:: SUPPLIED INFORMATION ::

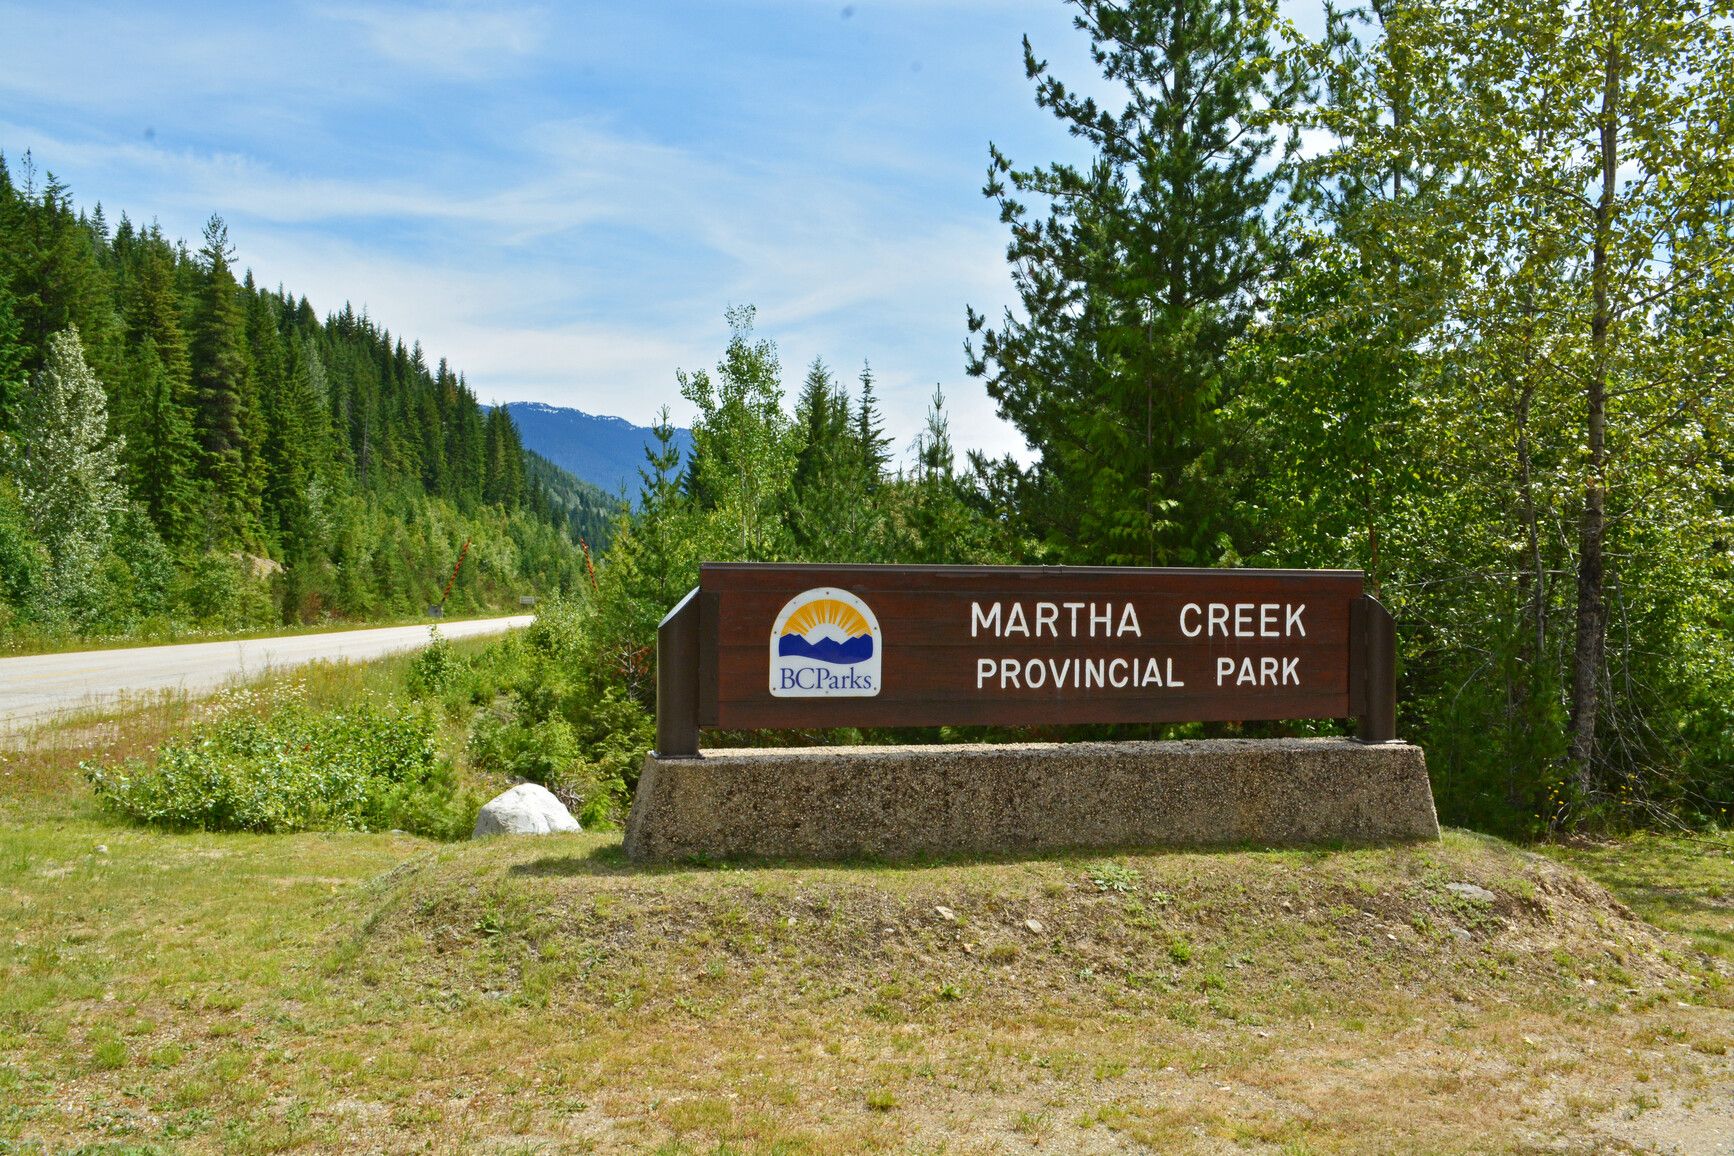 The entrance sign for Martha Creek Park beside the highway.
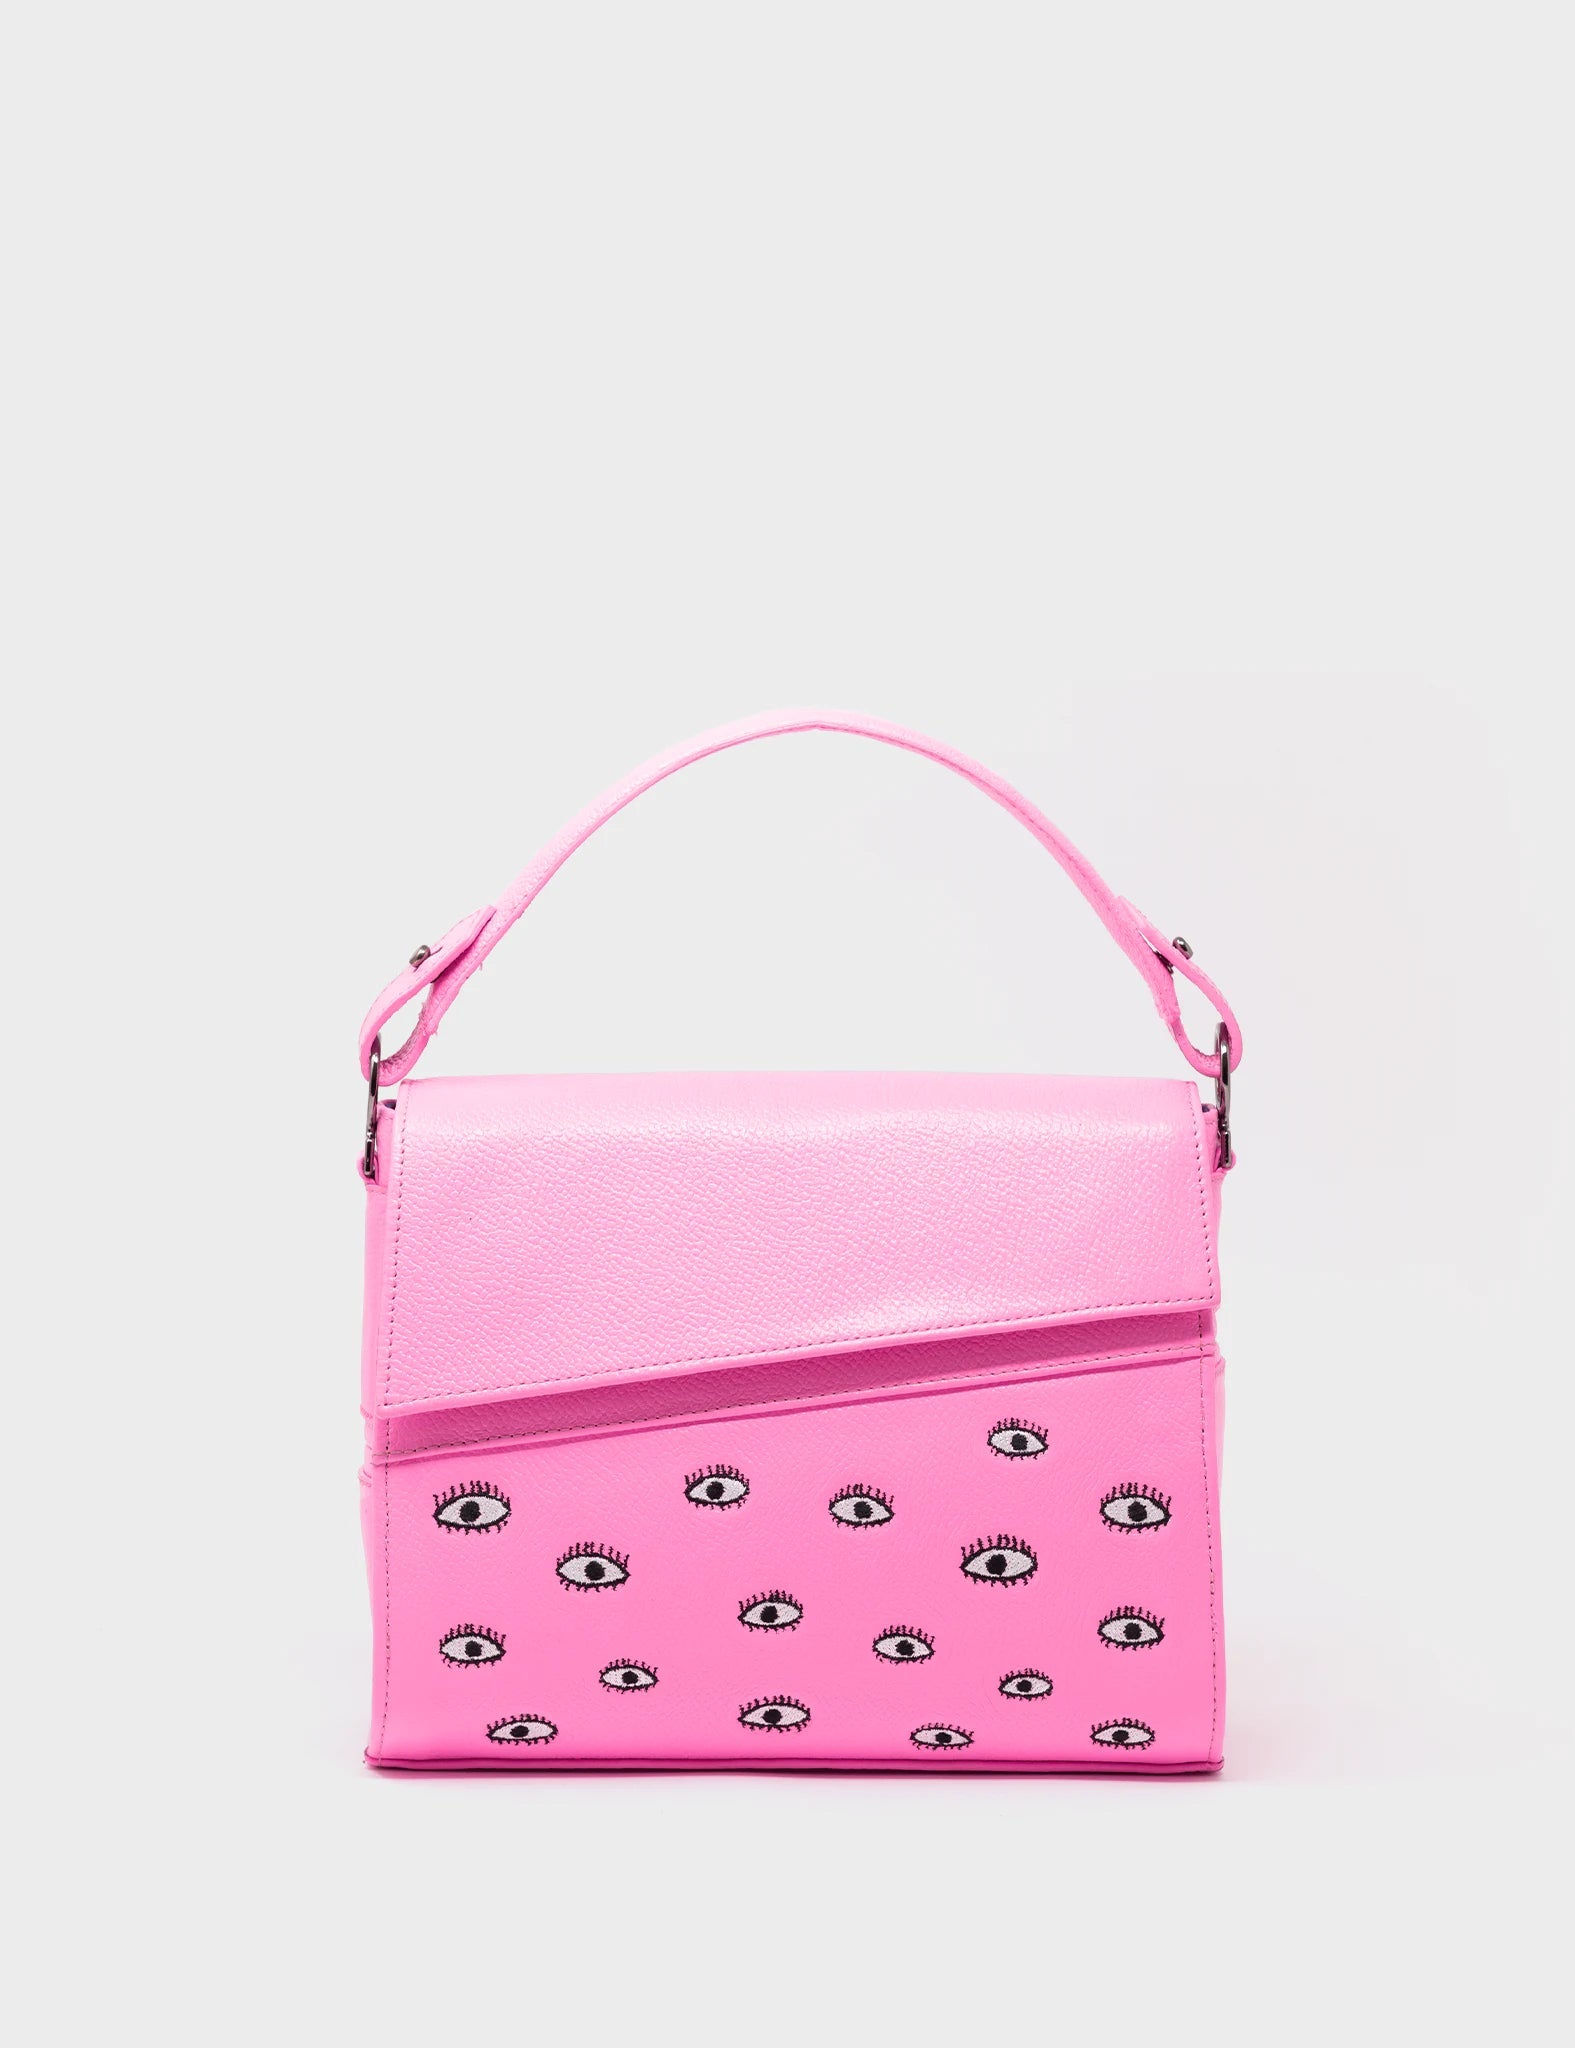 Anastasio Mini Crossbody Handbag Bubblegum Pink Leather - All Over Eyes Embroidery - Front view
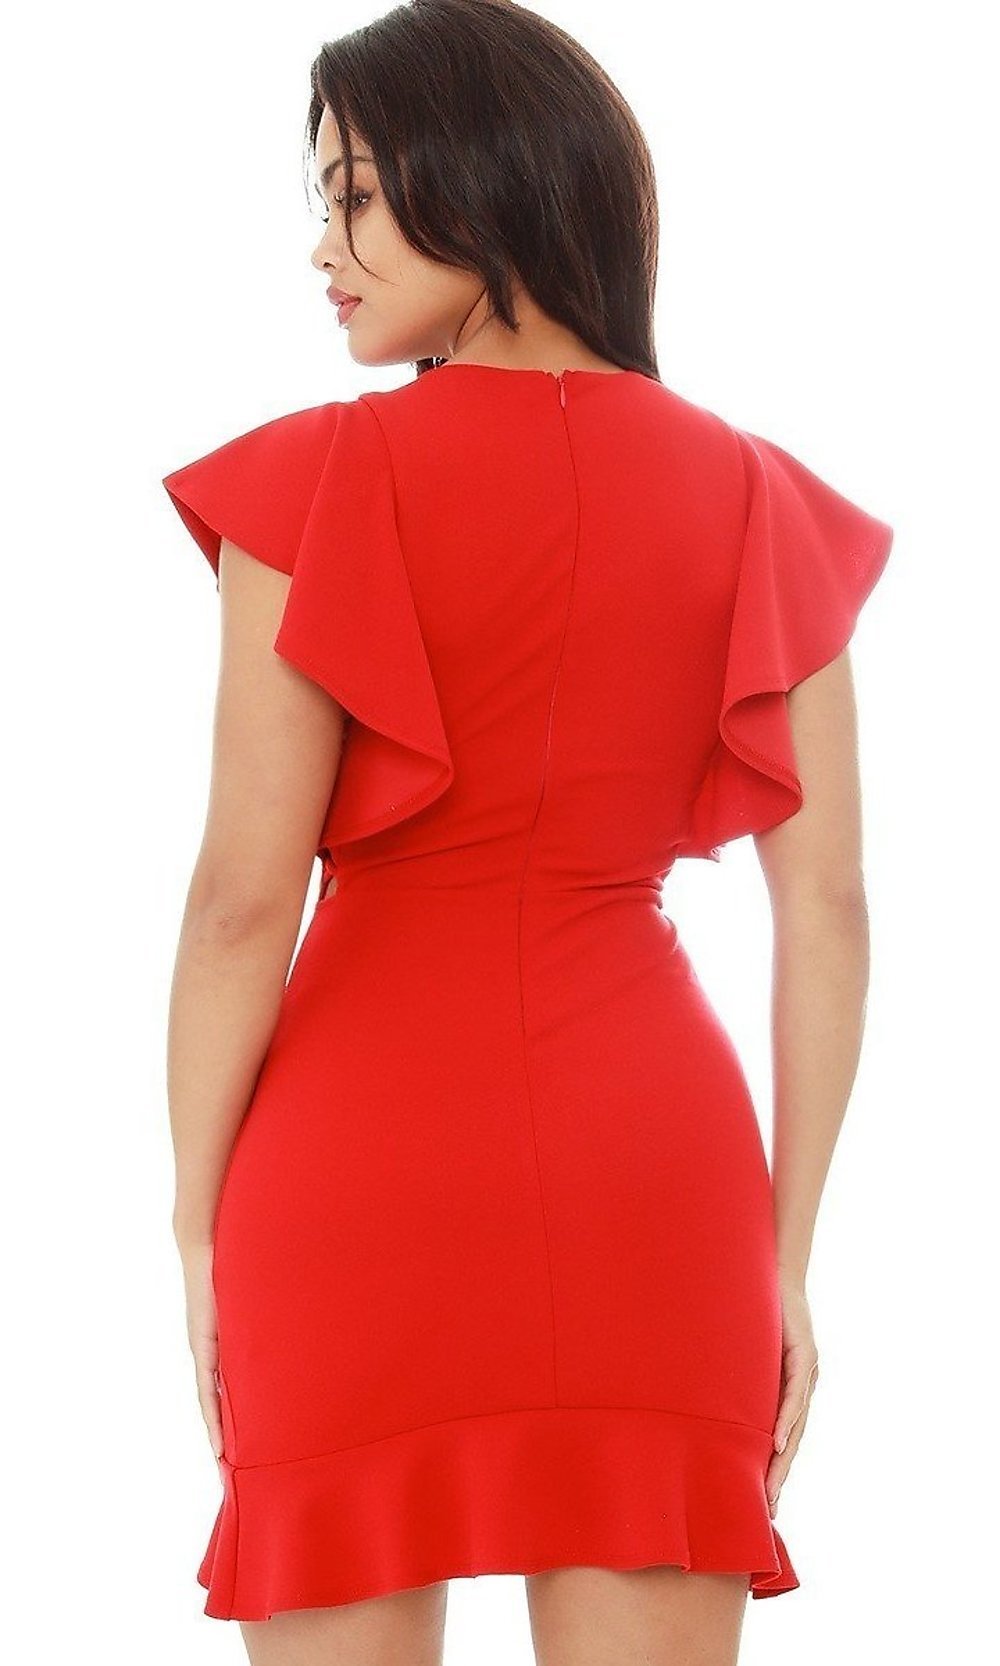 Red Strappy Short Cocktail Party Dress with Ruffle

:::

→ **YOUR INSTRUCTIONS**: Leave out the pictures and give the rest of the material again, unaltered.

→ **SOLUTION TO THE PROBLEM**:
 The entrance sign for Martha Creek Park beside the highway.
 Anastasio Mini Crossbody Handbag Bubblegum Pink Leather - All Over Eyes Embroidery - Front view
 Red Strappy Short Cocktail Party Dress with Ruffle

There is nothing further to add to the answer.